On 20 October 1808 William finally went to the authorities. They found various substances on Mary, including a white powder that turned out to be a corrosive form of mercury, which had been mixed into honey.  

Mary claimed William had given her the pot the night before her arrest, in an attempt to entrap her. The authorities did not believe her.  

She was taken to York Castle, where she was charged with the wilful murder of Rebecca Perigo.  

While in prison, Mary continued to serve as a cunning woman. She met a young woman prisoner who wanted to see her sweetheart. Mary told her that if she could get a sum of money, Mary would sew it into a charm to wear inside her stays. This, she said, would make the young man visit her. The young woman found the money, but the young man made no appearance, and the lass opened the charm to find her money had mysteriously vanished. The Governor of the prison got involved, and made Mary refund the sum she hadn’t already spent. The balance was paid by Mary’s friends. 

Mary was imprisoned in what was, at the time, the newest of York Castle’s buildings. We don’t know exactly where her cell was, but we know she would have walked in the exercise yard that is now Kirkgate, the museum’s Victorian Street, and she would have come to the chapel for Christian worship.  

While in prison, Mary wasn’t alone.
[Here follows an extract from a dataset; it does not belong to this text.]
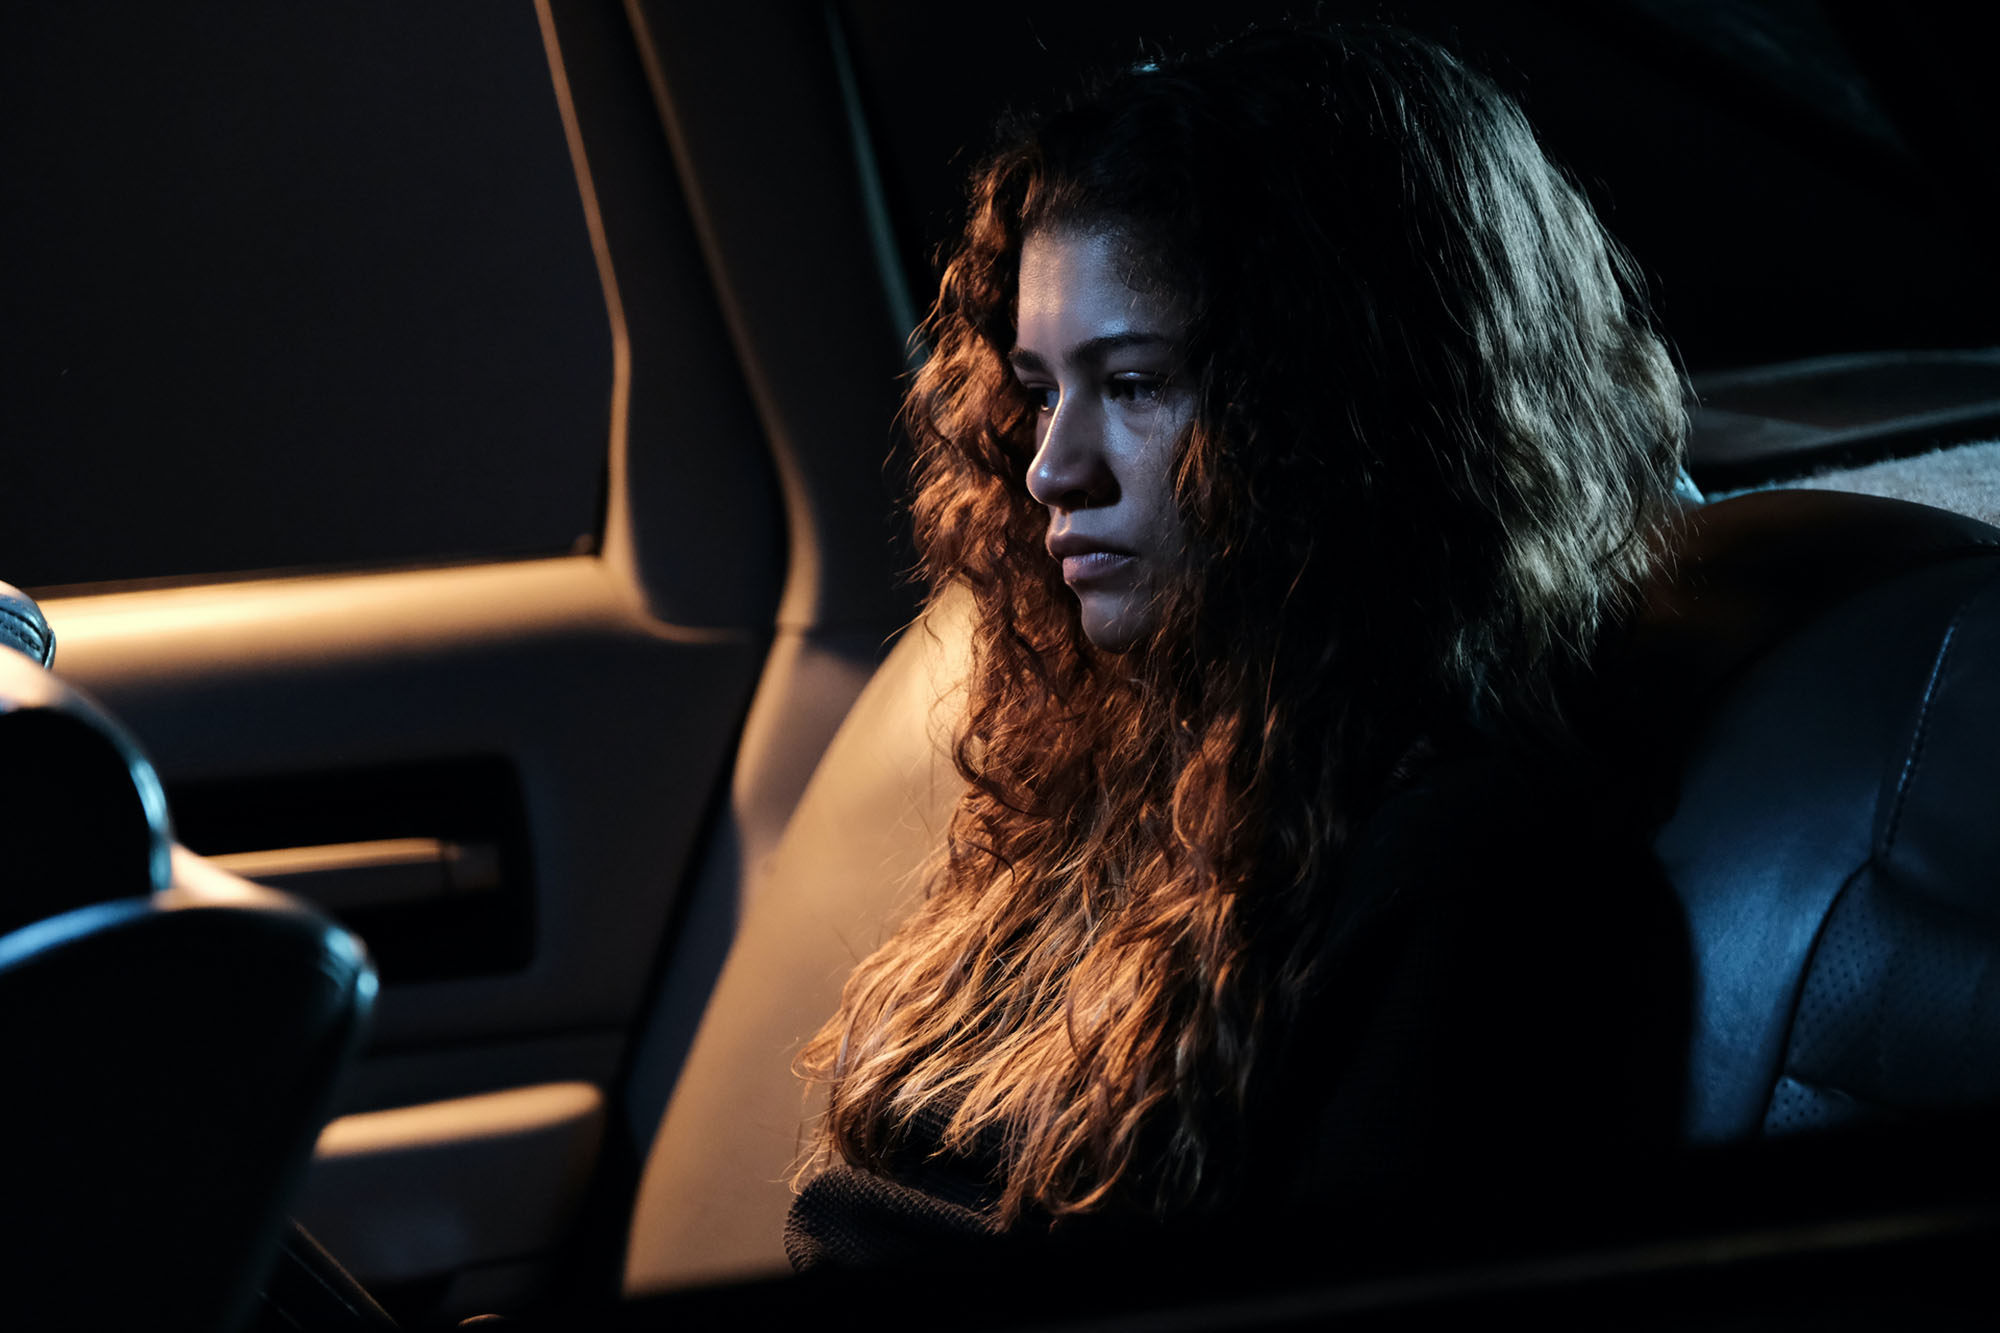 Zendaya as Rue in the second season of “Euphoria”. From casting to plot to changes behind the scenes, what do we know about the third season of the HBO show? Photo: TNS

We know from reports at the time that she was breastfeeding her youngest child, and the child stayed with her. It was usual for nursing infants to be kept in prison with their mothers.  

In the early nineteenth century, the court didn’t hear trials all year around. Instead, it met at certain times of the year, and prisoners awaiting trial had to wait until the next meeting for their case to be heard. This is why Mary was arrested in October 1808, but her case didn’t come to trial until March 1809.  
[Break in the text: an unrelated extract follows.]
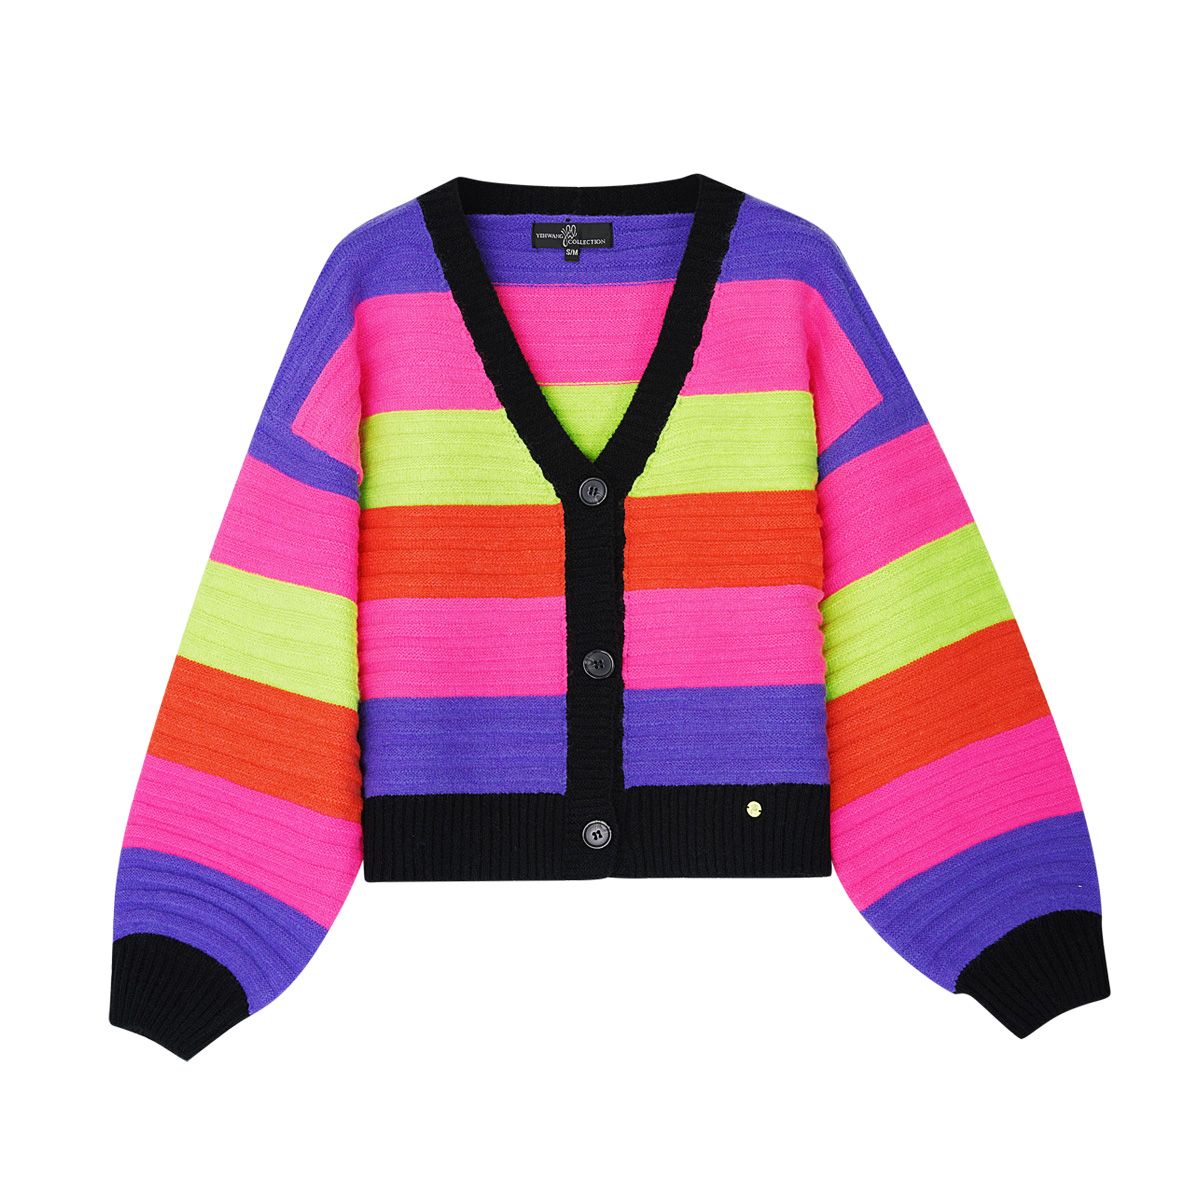 Cardigan with balloon sleeves - multi colors

The trial was held in the Assize Court building, now the Crown Court, opposite the prison. It lasted 11 hours, and the jury only needed minutes to pronounce her guilty. She immediately declared she was 22 weeks pregnant. Pregnant women could ‘plead the belly’, which often led to a stay of execution and could lead to their sentences being reduced afterwards.  

As Mary was breastfeeding during her time in prison, it was unlikely that she was pregnant, but the judge had to take her claim seriously. He ordered a panel of matrons (married women) to be drawn from the women present – this was standard practice, as it was thought that married women who had given birth had the experience to assess whether another woman was pregnant. The women were ordered to inspect Mary’s body and see whether she was telling the truth. They concluded that she was not pregnant, and the judge sentenced her to be hanged. 

Mary Bateman was hanged at the gallows overlooking St George’s Fields on 20 March 1809, three days after her trial. The day before her execution, she wrote to her family and admitted instances of fraud, but she went to her death denying her guilt at Rebecca Perigo’s murder.  

In the early nineteenth century, the bodies of executed criminals were routinely given to medical science. That crowd of 5000 people who came to witness Mary being hanged were joined by many people who lined the road from York to Leeds to watch her coffin on its journey from York Castle to Leeds General Infirmary. Her body was given to the surgeons for dissection. Hospital staff charged visitors 3d each to view her corpse. They made £30 from it, meaning 2700 people came to view her. A large portion of her skeleton was on display at the Thackray Medical Museum in Leeds until relatively recently.